- Common name: Ελληνικά Τελωνεία

Agency overview
- Formed: October 5, 1917

Jurisdictional structure
- Operations jurisdiction: Independent Authority of Public Revenue

Operational structure
- Agency executive: Constantine Mourtides, General Manager of Customs and Excise Duties;

Facilities
- Stations: 93

Website
- aade.gr/customs

= Customs Service of Greece =

Customs Service (Greek: Τελωνειακή Υπηρεσία) is a Greek authority that certifies and collects duties, taxes, and other charges in accordance with applicable national and European legislation. It is also responsible for the protection of public health and the protection of Greek society. It conducts checks to detect drug trafficking, gunrunning, explosives, money laundering, illicit trade in antiquities; and it cracks down counterfeit consumer goods and irregularities in transport, fisheries, flora and fauna. Matthew the Apostle is considered the patron saint of Customs. Today, there are ninety-three customs offices across the country.

== History ==
The Customs Service has been confirmed to exist since the time of classical Athens of the Golden Age of Pericles, and also during the Byzantine period with the Κομμέρκιονas, an institution for the collection of duties and the control of products. Customs Service was initially organized in 1818, in Ottoman Greece, according to the French model, under the Ministry of Finance of the Ottoman Empire (Hazîne-i Âmire).

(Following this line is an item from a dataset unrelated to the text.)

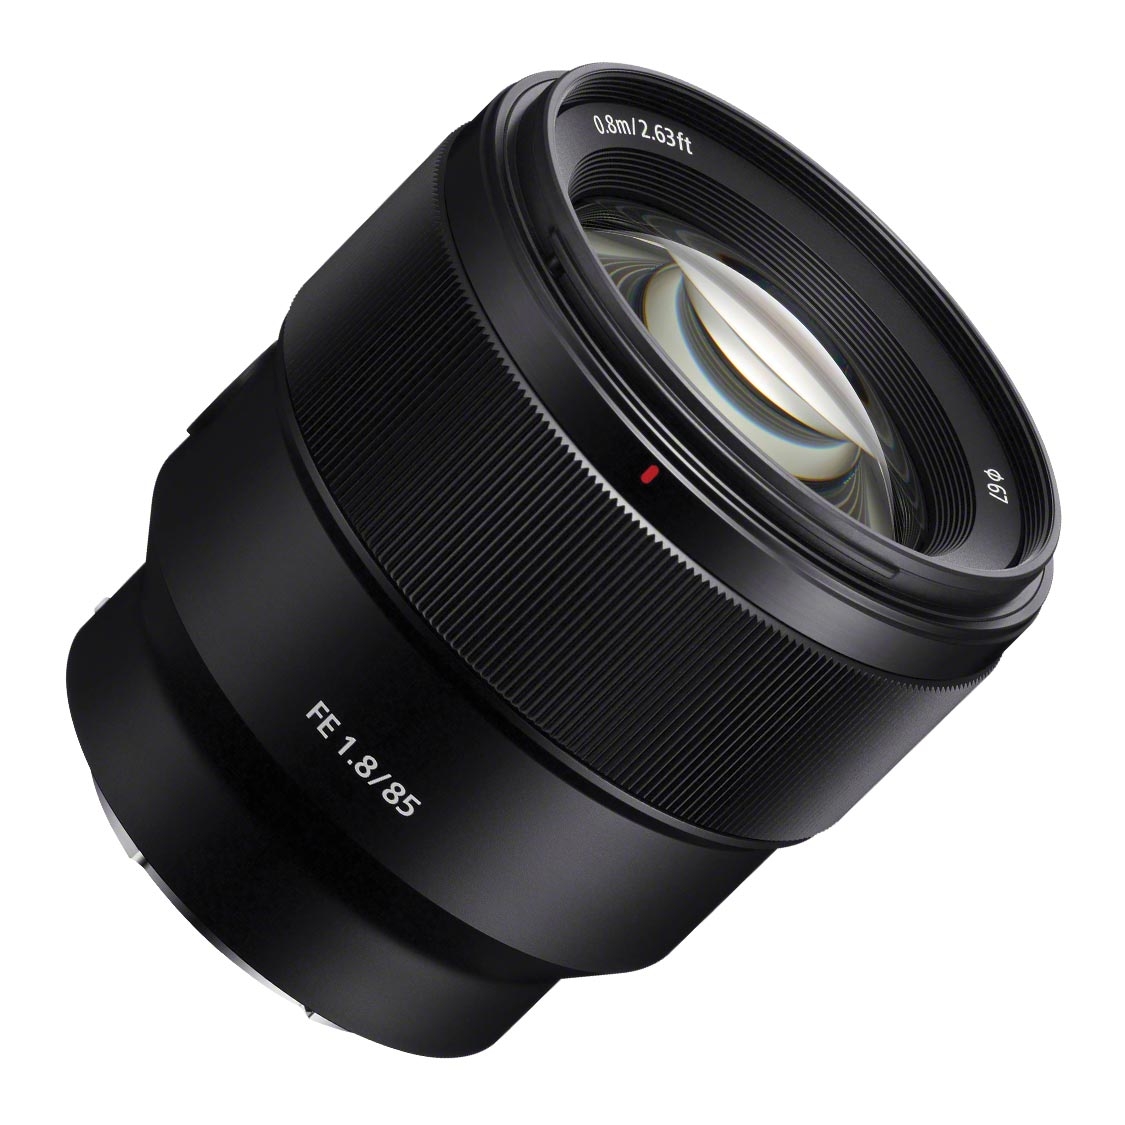 Sony FE 85mm F1.8 Lens

On July 28, 1823, the first customs law was issued. The customs of Kardamyli and Limeni are mentioned as the first customs that operated. On April 25, 1830, the first register was issued, which, among other things, provided for the maintenance of a book for the detailed recording of incoming goods from abroad. The first customs office was established on March 25, 1833 in Syros and two years later in Piraeus, Hydra, Patras and Nafplio.

== Administration ==
Customs officers perform their official duties in uniform. Customs officers are pre-investigators and in the performance of their control and prosecution duties are entitled to bear arms.

Since 2017, Customs Service is under the Independent Authority of Public Revenue (previously General Secretariat of Public Revenue of the Ministry of Finance).